2.       Sections 2.1 and 2.6 of the Agreement are amended to change each reference to “Seven Million Five Hundred Thousand Dollars ($7,500,000)” to read “Six Million Dollars ($6,000,000).”

3.       Section 4.8 of the Agreement and Schedule 1.1 are deleted in their entirety.

4.       Exhibit “B” is deleted and attached Exhibit “B” is substituted in its place.

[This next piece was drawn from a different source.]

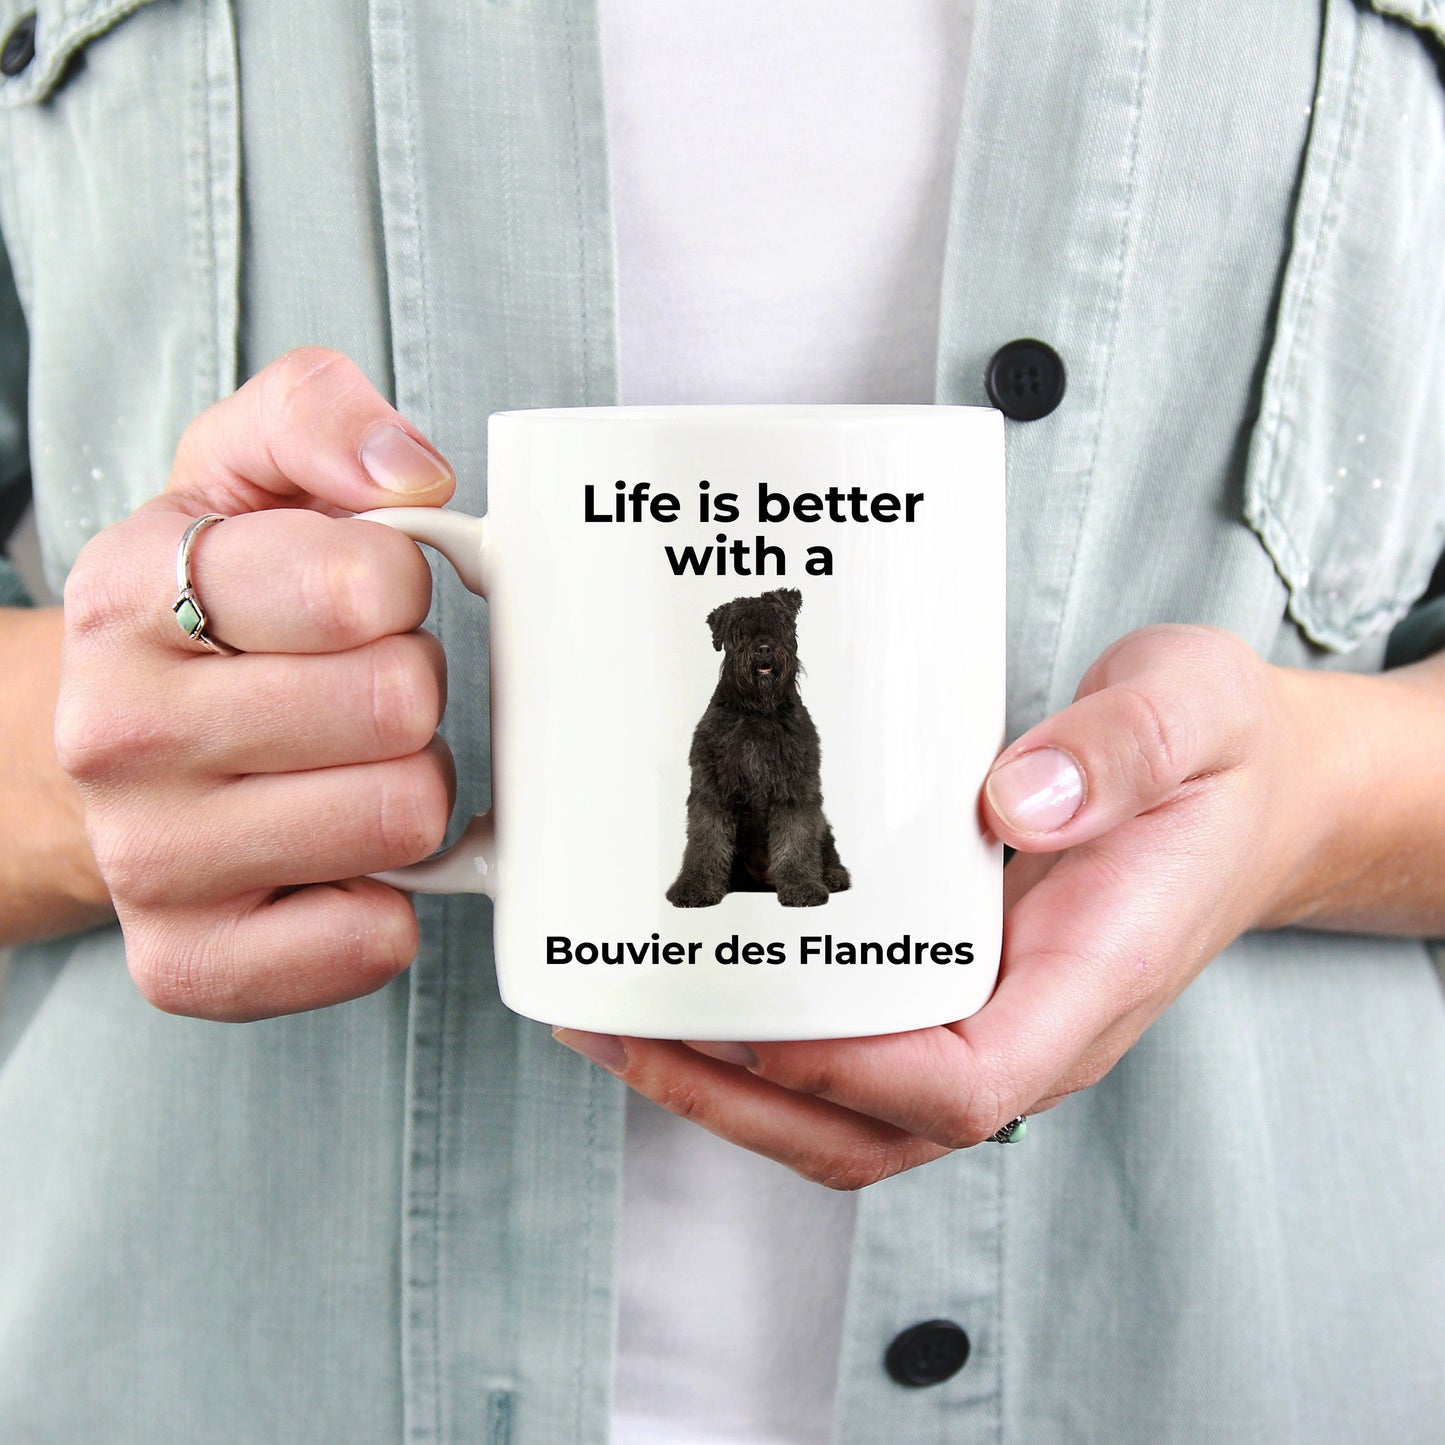 Bouvier des Flandres Mug - Life is better with a Bouvier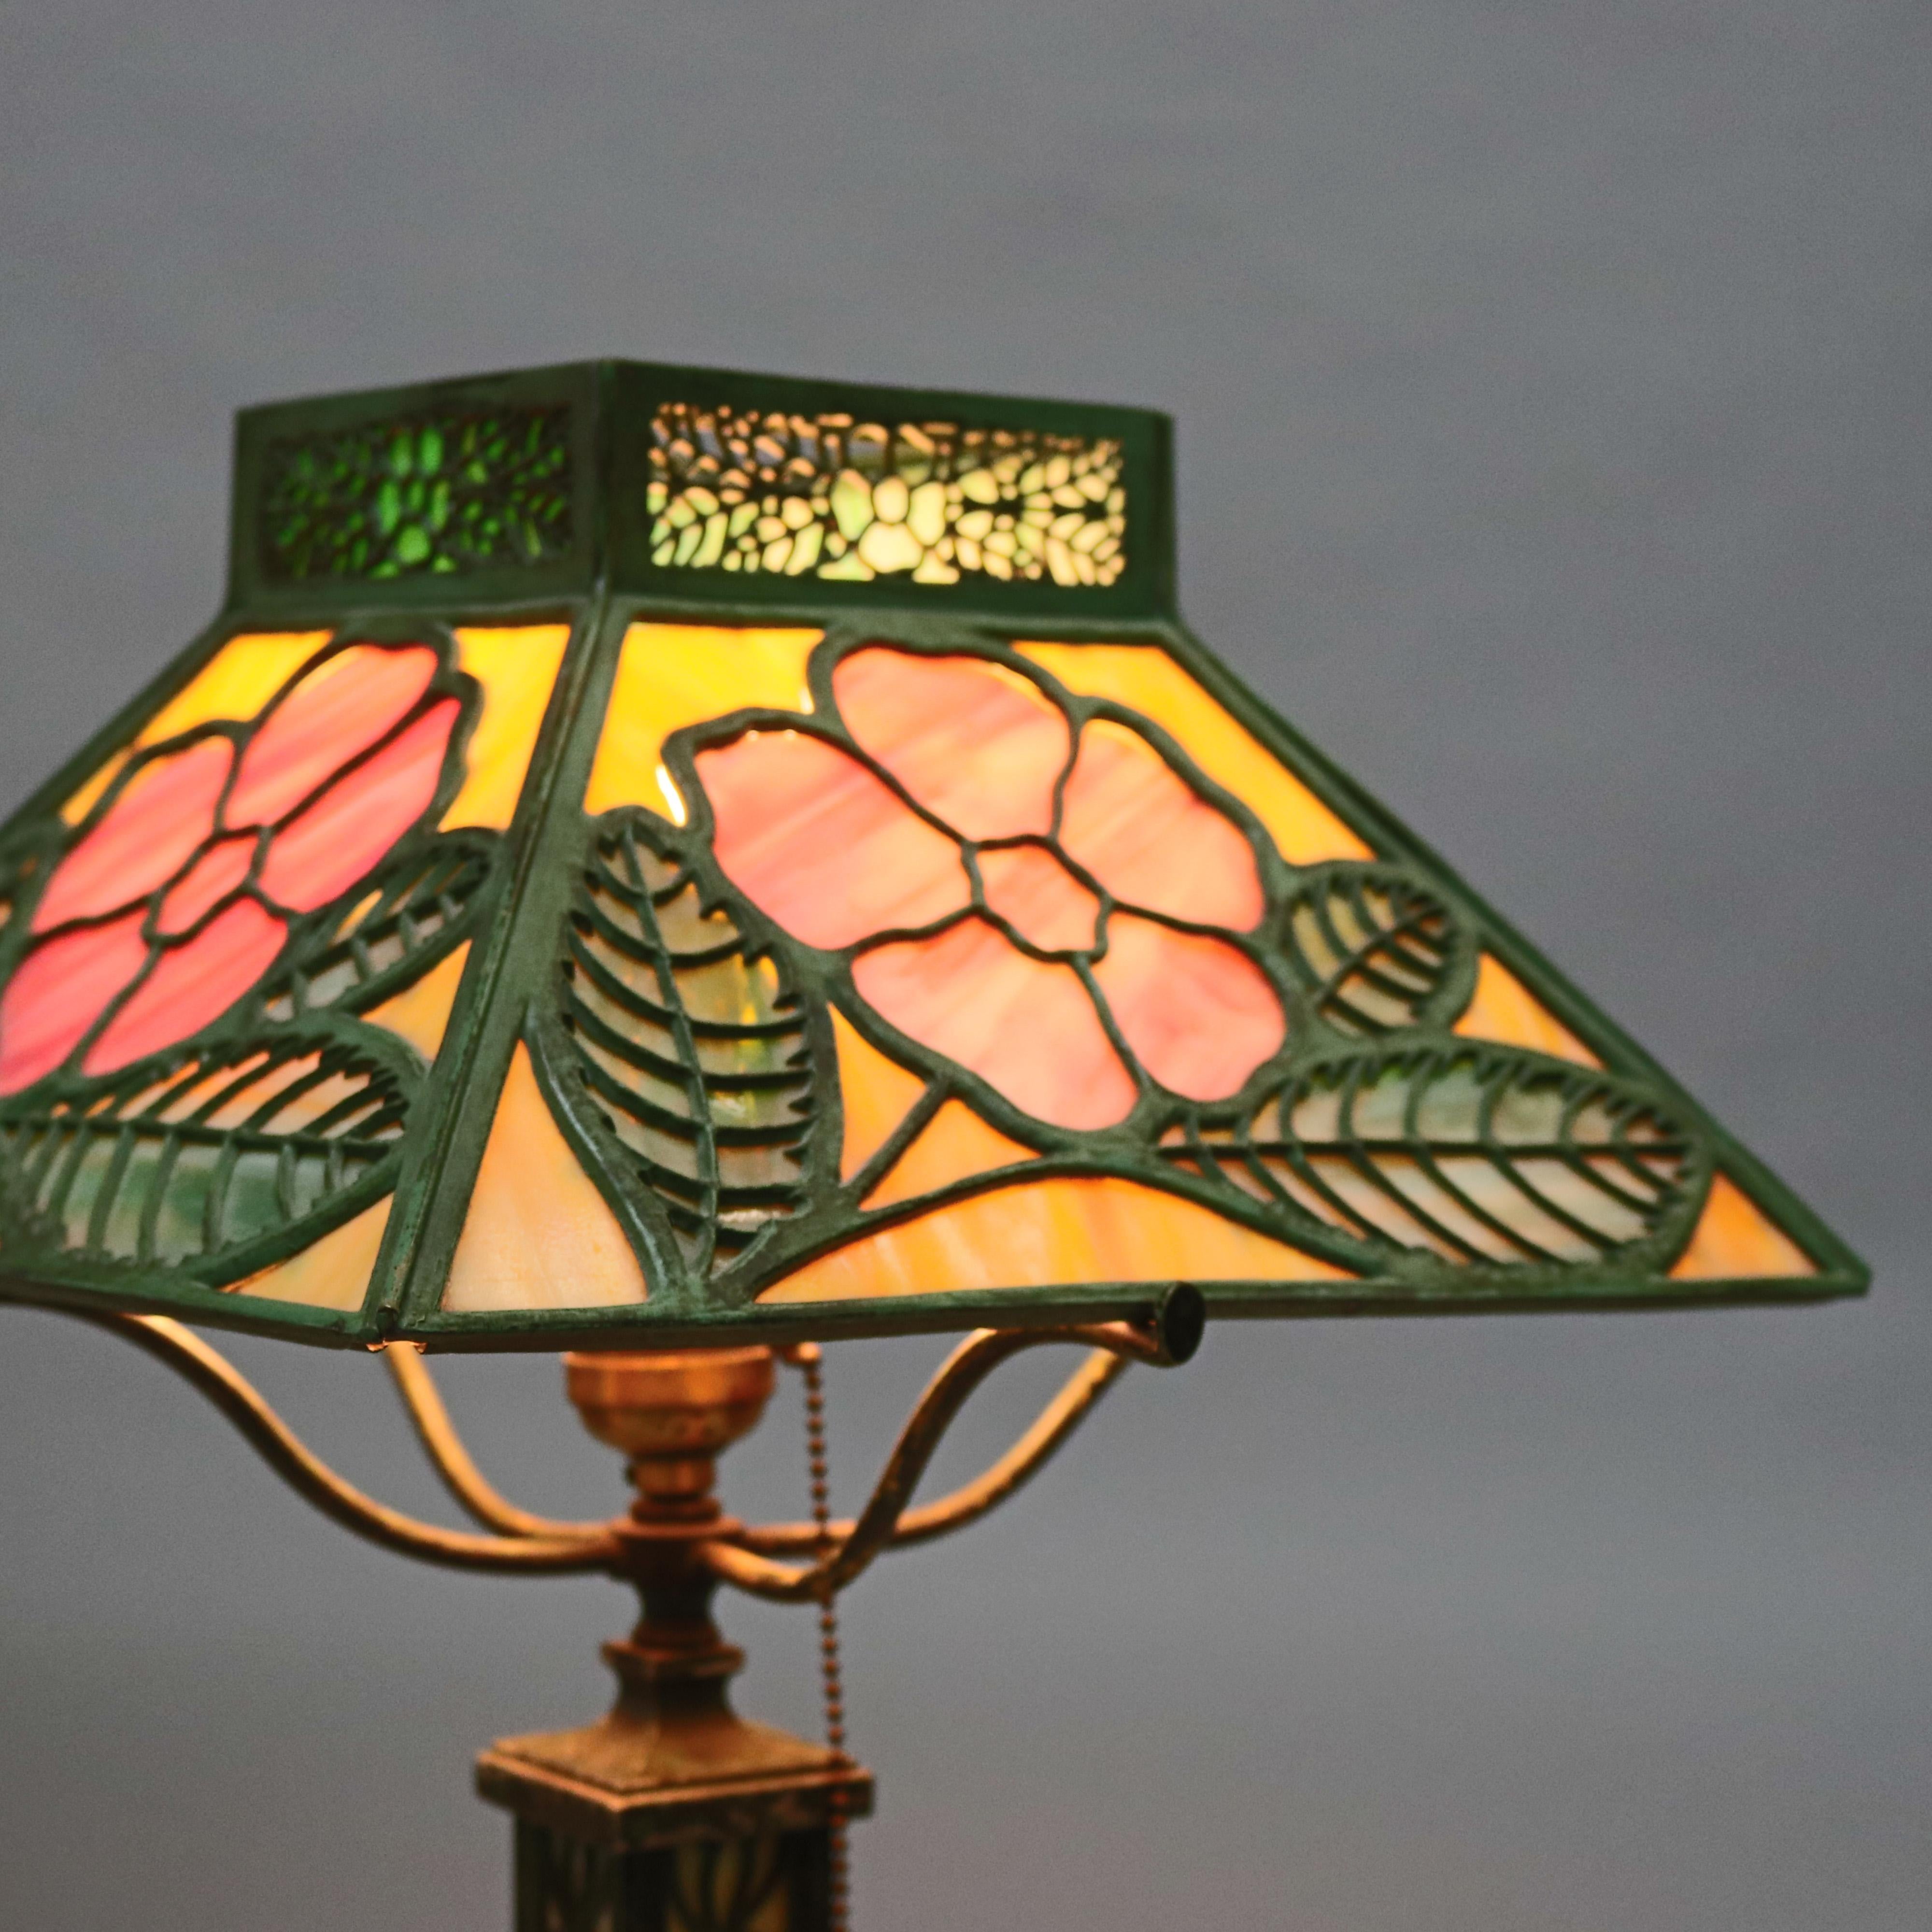 American Antique Bradley & Hubbard Floral Murano Glass Shade Table Lamp, circa 1920

5.        Company hereby represents and warrants that, after giving effect to the amendments contained herein, (a) execution, delivery and performance of this Amendment and any other documents and instruments required under this Amendment or the Agreement are within Company's corporate powers, have been duly authorized, are not in contravention of law or the terms of Company's Articles of Incorporation or Bylaws, and do not require the consent or approval of any governmental body, agency, or authority; and this Amendment and any other documents and instruments required under this Amendment or the Agreement, will be valid and binding in accordance with their terms; (b) the continuing representations and warranties of Company set forth in Sections 6.1 through 6.5 and 6.7 through 6.12 of the Agreement are true and correct on and as of the date hereof with the same force and effect as made on and as of the date hereof; (c) the continuing representations and warranties of Company set forth in Section 6.6 of the Agreement are true and correct as of the date hereof with respect to the most recent financial statements furnished to the Bank by Company in accordance with Section 7.1 of the Agreement; and (d) no Event of Default (as defined in the Agreement) or condition or event which, with the giving of notice or the running of time, or both, would constitute an Event of Default under the Agreement, as hereby amended, has occurred and is continuing as of the date hereof.